[Work order]:
Leave every picture out. Set down all the lines below exactly.

[Raw data]:
***
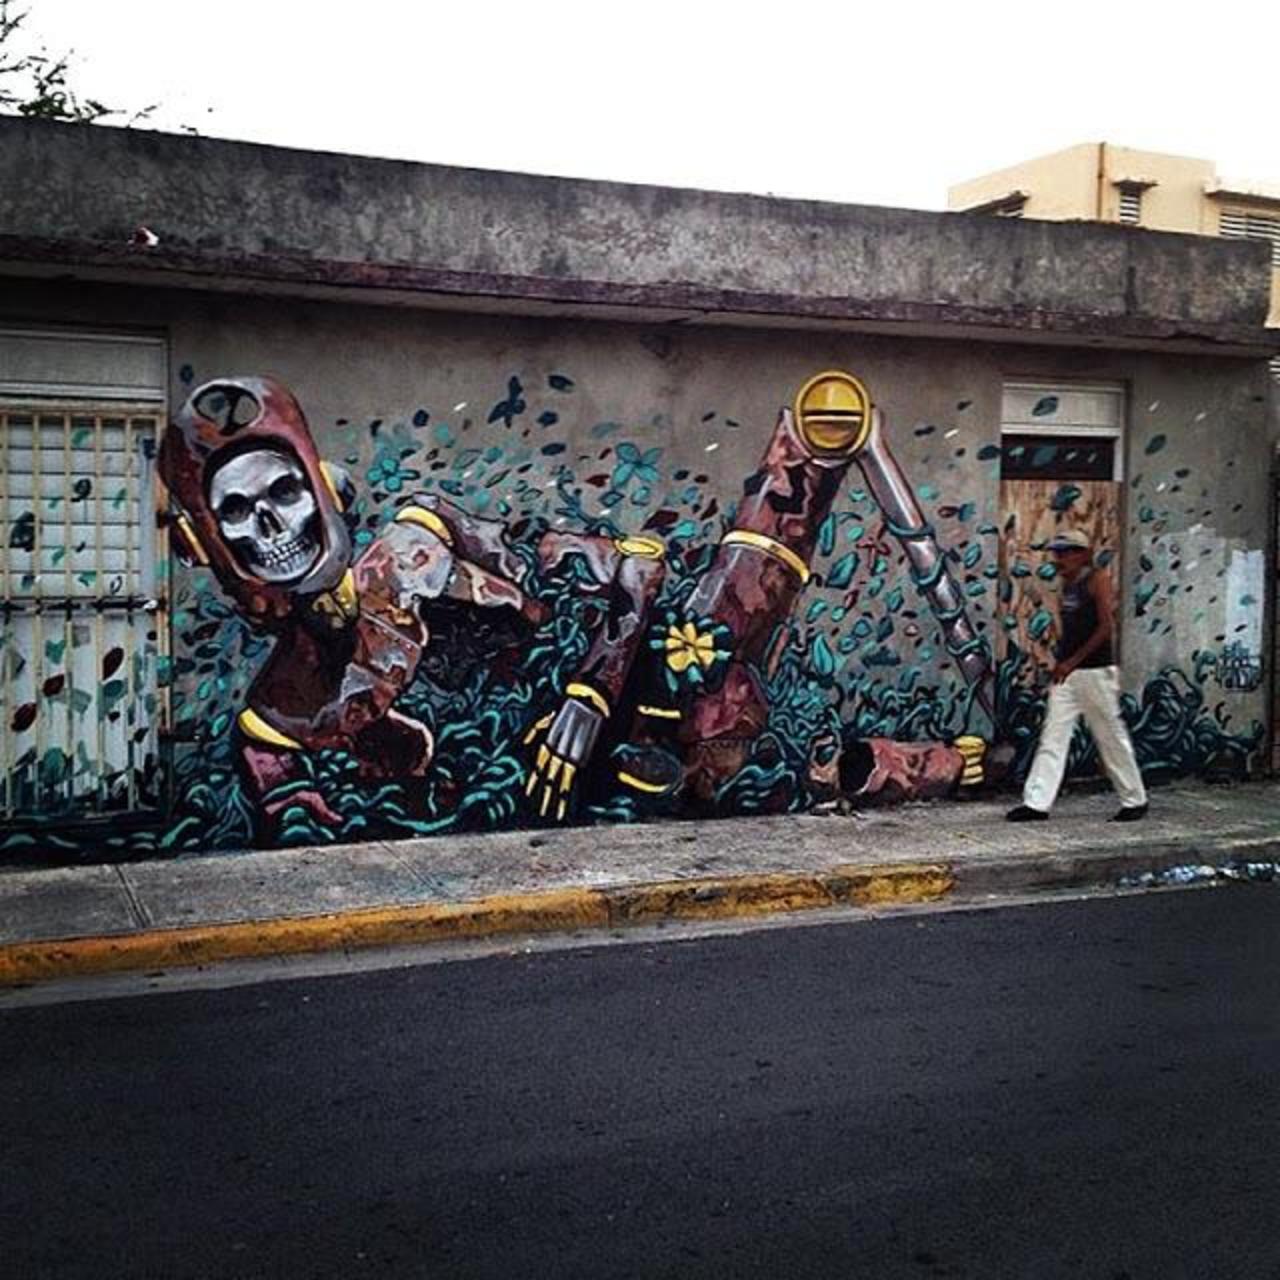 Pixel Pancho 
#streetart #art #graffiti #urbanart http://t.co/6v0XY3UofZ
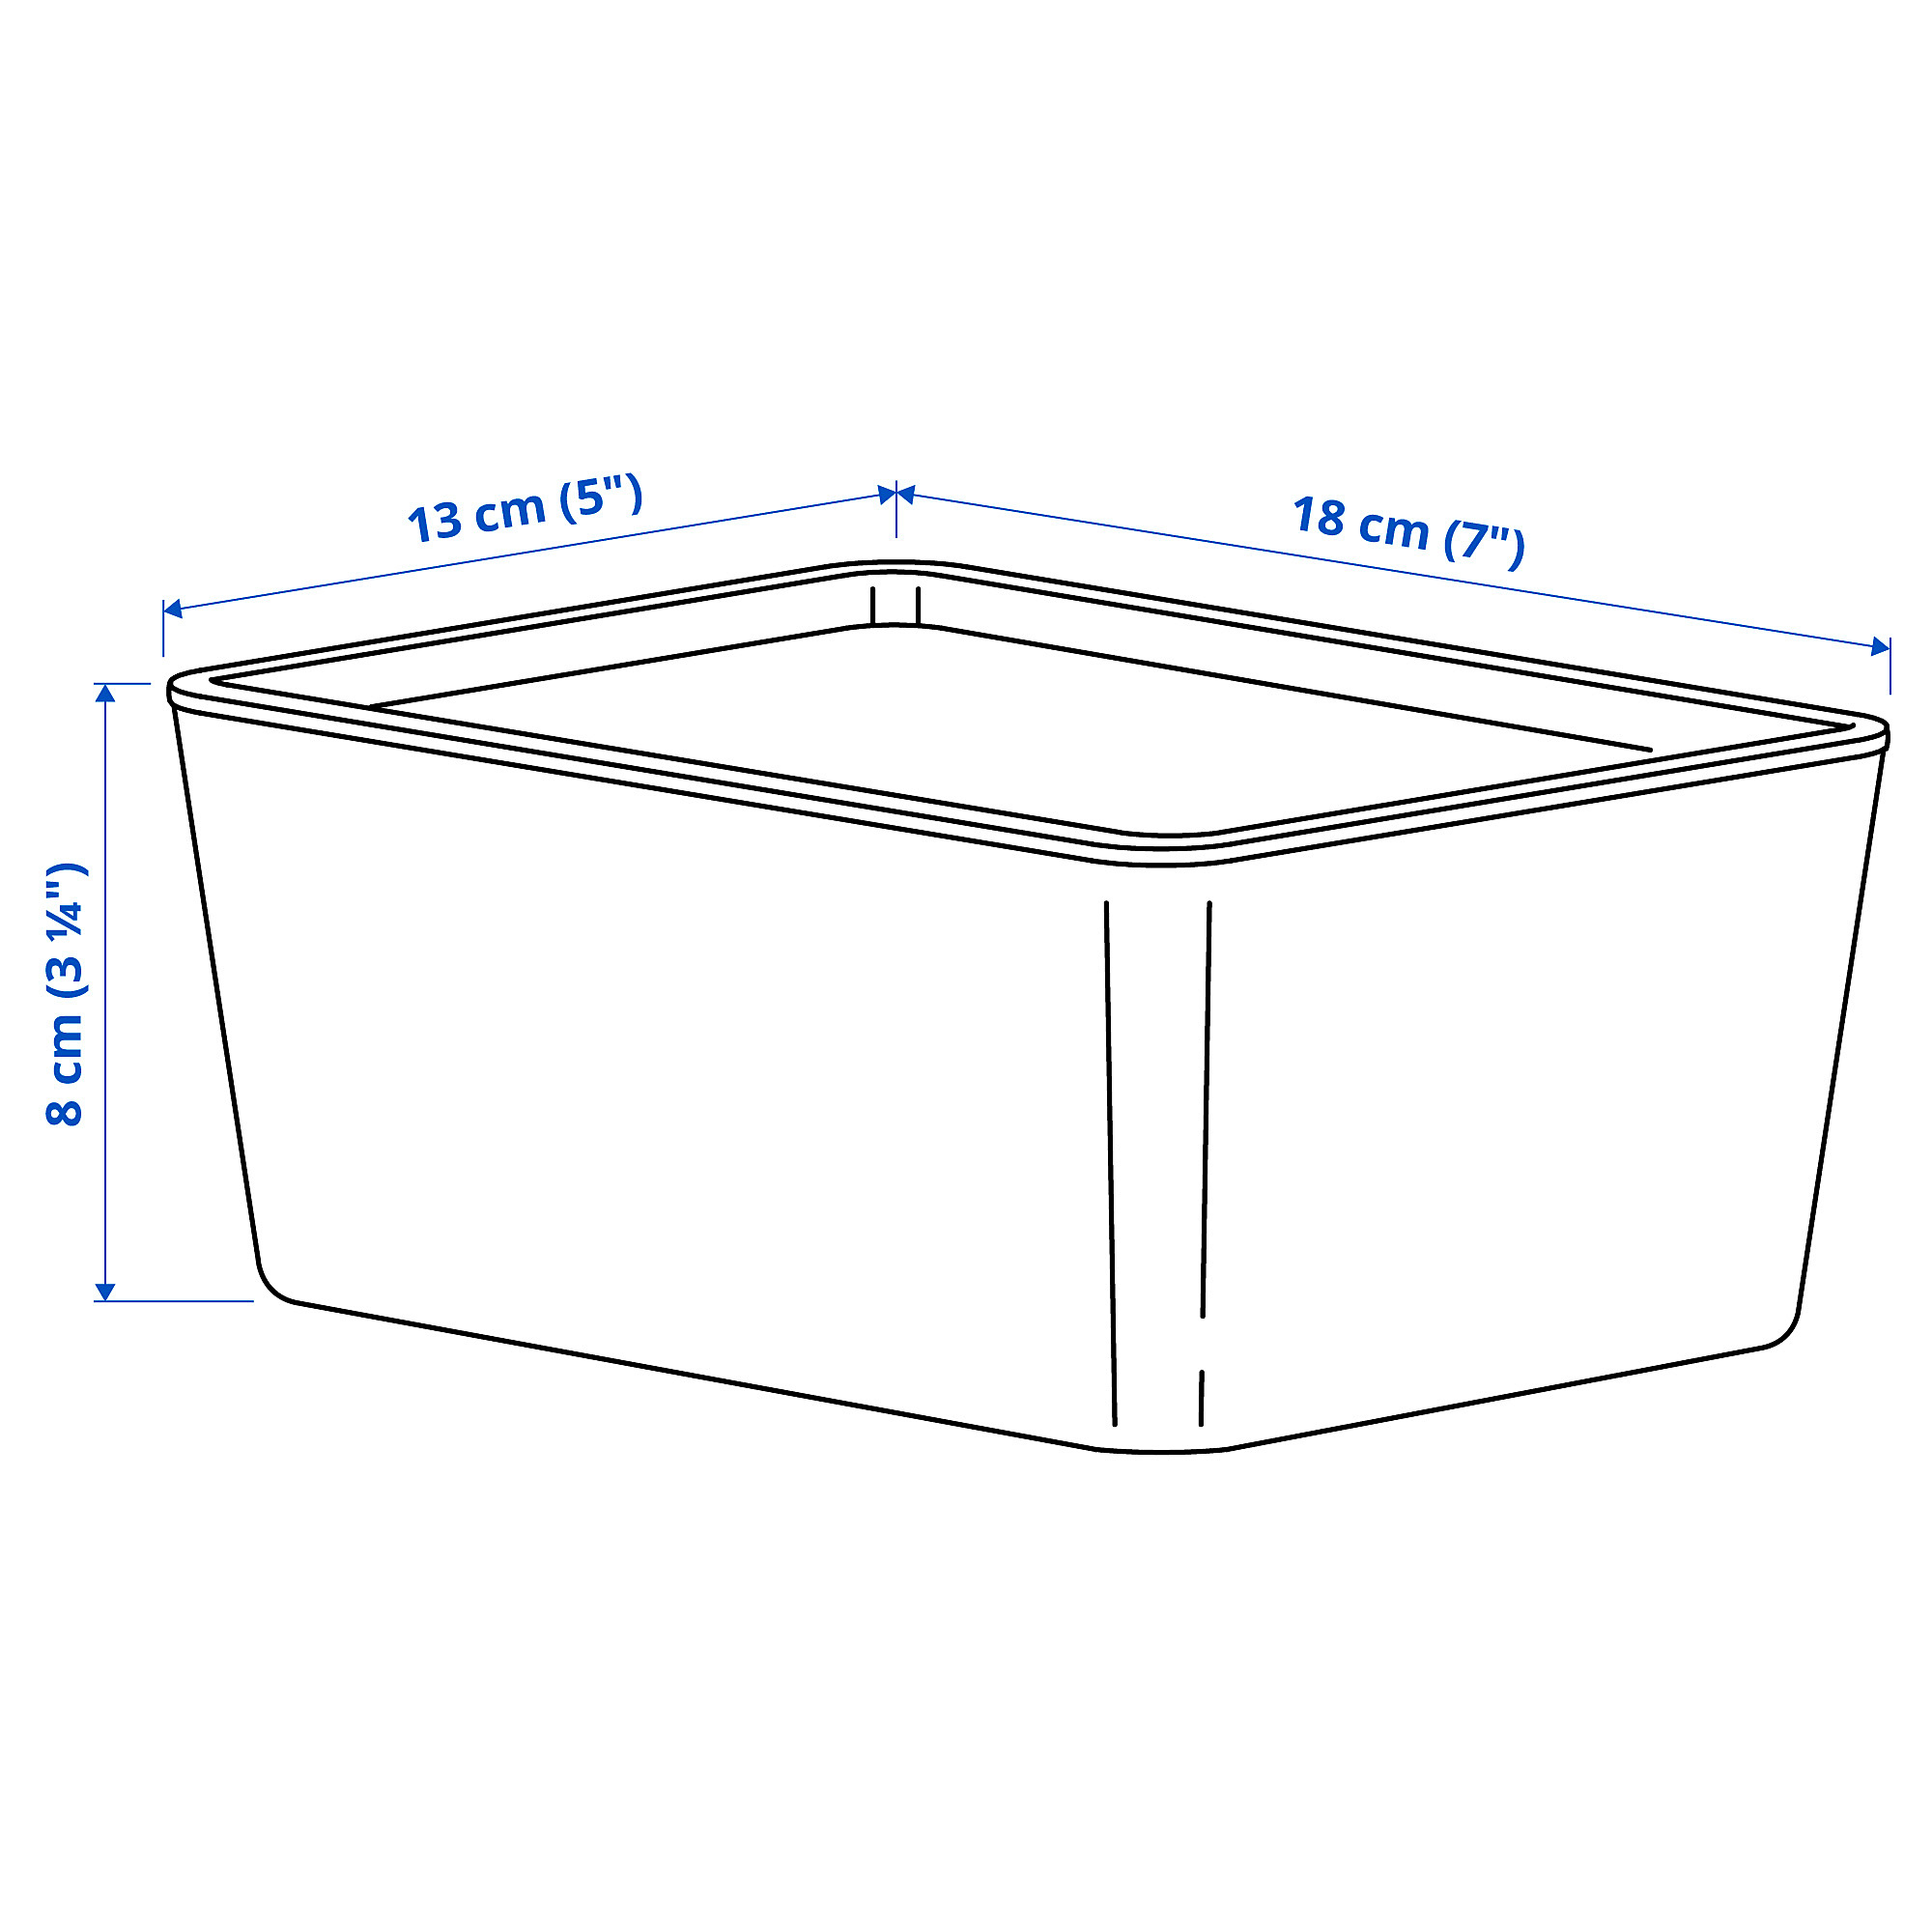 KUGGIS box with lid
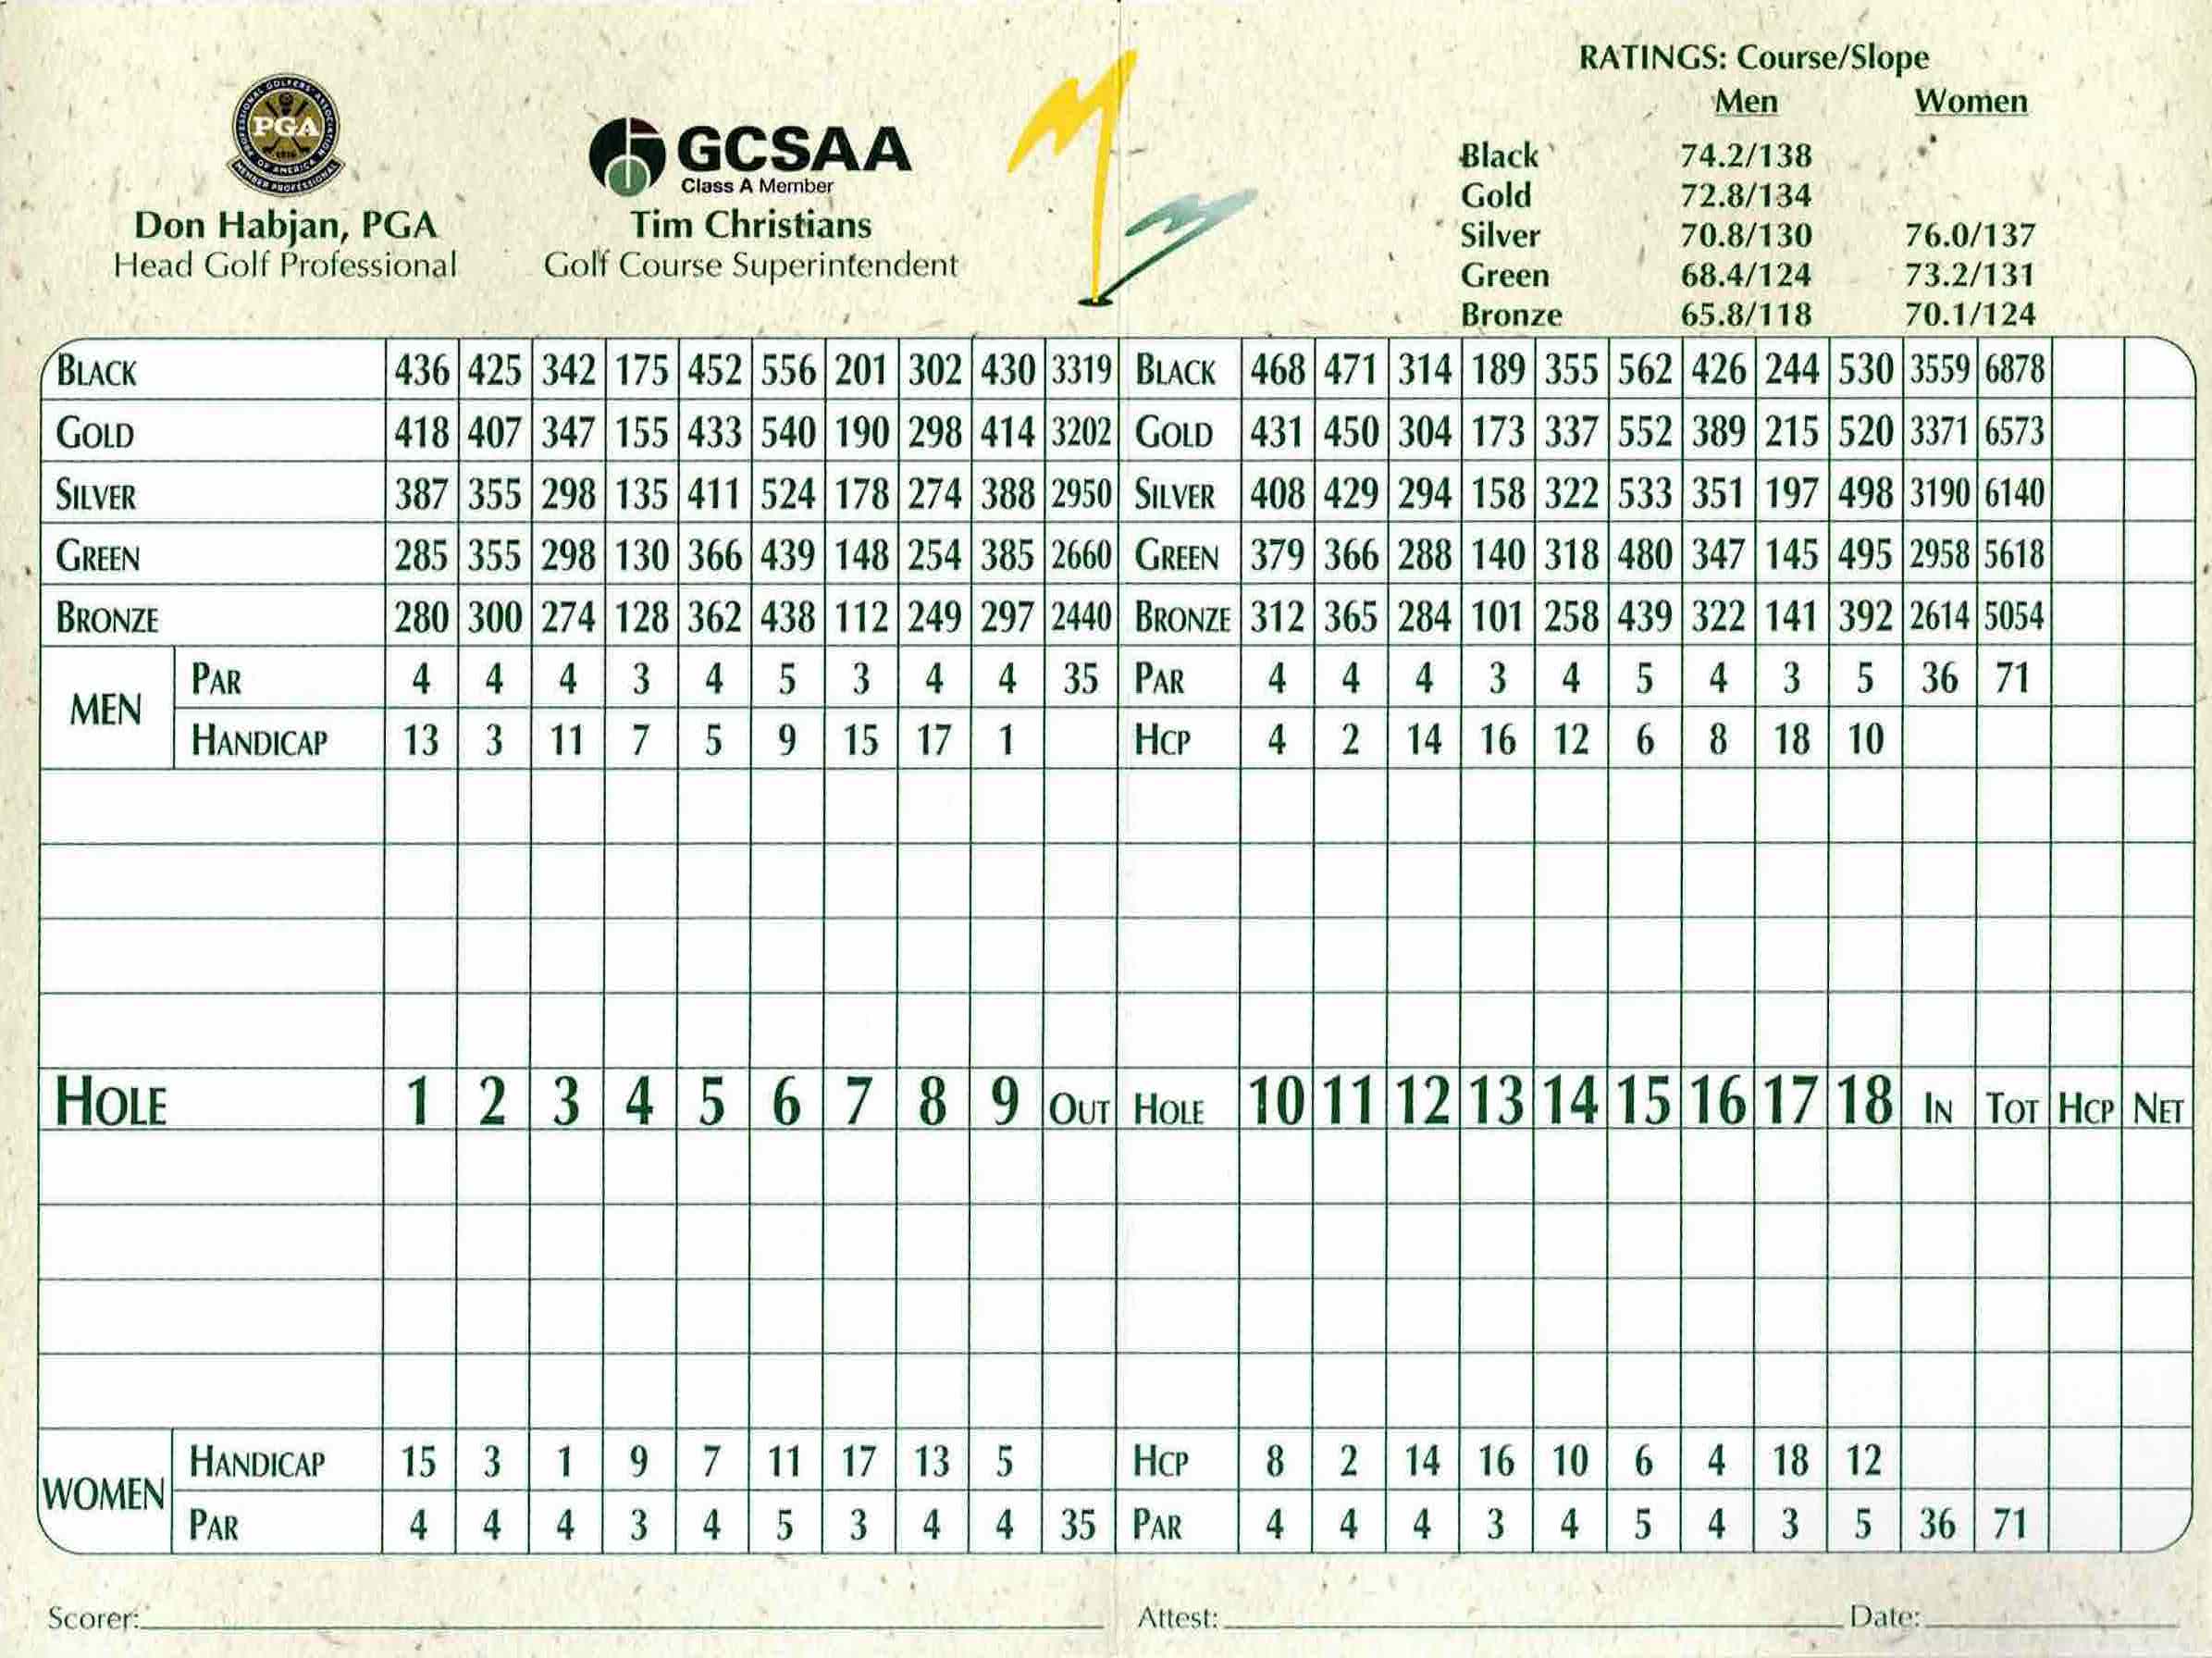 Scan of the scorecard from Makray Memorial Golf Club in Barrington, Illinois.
***
[Written solution]:
 Pixel Pancho 
#streetart #art #graffiti #urbanart http://t.co/6v0XY3UofZ
 KUGGIS box with lid
 Scan of the scorecard from Makray Memorial Golf Club in Barrington, Illinois.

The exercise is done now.